XPost: van.general, bc.politics, can.politics   
   XPost: calgary.general, ab.general, edm.general   
   From: someone@somewhere.net   
      
   Greg Carr wrote:   
   > On Fri, 02 May 2008 00:35:41 GMT, catchme    
   > wrote:   
   >   
   >> Greg Carr wrote:   
   >>> On Wed, 30 Apr 2008 08:47:38 GMT, David Johnston    
   >>> wrote:   
   >>>   
   >>>> On Wed, 30 Apr 2008 08:34:16 GMT, Greg Carr    
   >>>> wrote:   
   >>>>   
   >>>>   
   >>>>>> what about the farmers who need labour, and no Canadian to work their   
   >>>>>> fields?   
   >>>>> They should pay more and offer better working conditions.   

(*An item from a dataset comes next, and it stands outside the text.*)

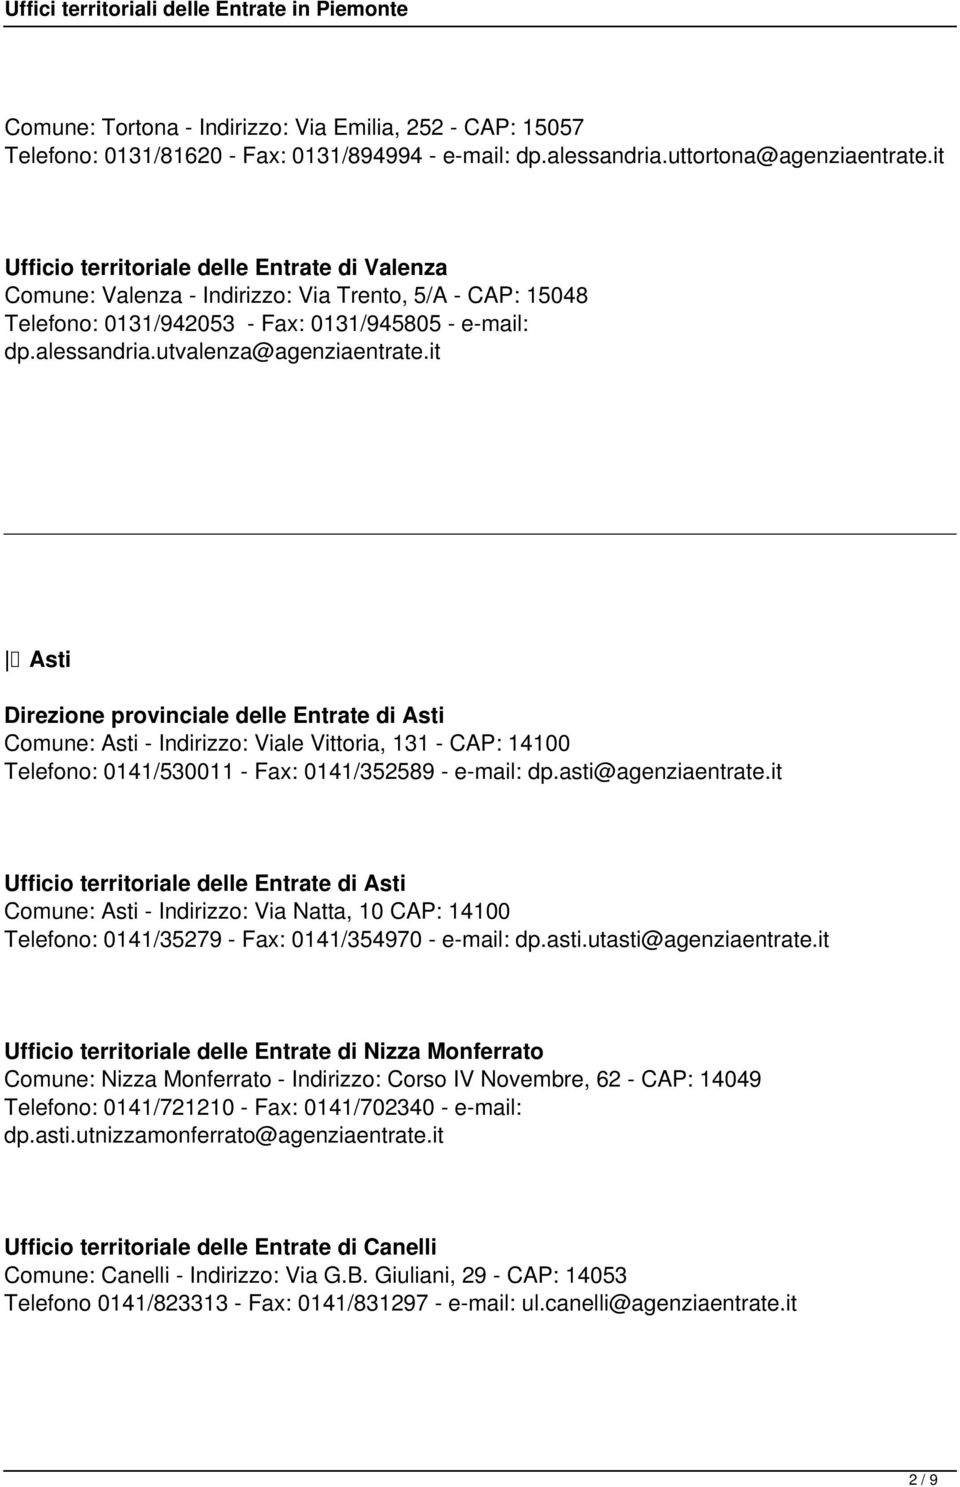 it Asti Direzione provinciale delle Entrate di Asti Comune: Asti - Indirizzo: Viale Vittoria, 131 - CAP: 14100 Telefono: 0141/530011 - Fax: 0141/352589 - e-mail: dp.asti@agenziaentrate.

   >>>> Farming doesn't have much of a profit margin for the most part.   
   >>> Sell the farm and get a job at 7-11 or the construction industry. All   
   >>> subsidies for this industry and the cattle industry should be   
   >>> eliminated.   
   >>>   
   >> good luck feeding families in the future.   
   >   
   > Use more greenhouses.   
   >   
   >> bad enough that transportation and distirbution costs are driving   
   >> foreign food costs up, you want to see the elimination of cheap domestic   
   >> goods as well?   
   >   
   > The subsidies cost consumers billions of dollars and reward ppl who   
   > are a failure at agribusiness.   
   >   
   >> maybe you look forward to a 40% jump in your grocery bill?   
   >   
   > I haven't noticed any increase in my food costs. A lot of the ppl I   
   > work with are rice eaters and I haven't heard one word of complaint   
   > about rising food prices.   
   >   
   > I'm paying a dollar a cantaloupe   
   >   
      
   get real- subsidies will help farmers stay on their lands in the wake of   
   increased pressures by development.   
   with this unregulated pace at which development is occuring, it will not   
   be long before there is no longer any agriculture left.   
   I for one would like my fruit made in bc- even prior to the rising costs   
   of foreign distribution.   
   and yes, the price of rice, etc. is rising here in Canada- and only in   
   part from a bad winter in Thailand.   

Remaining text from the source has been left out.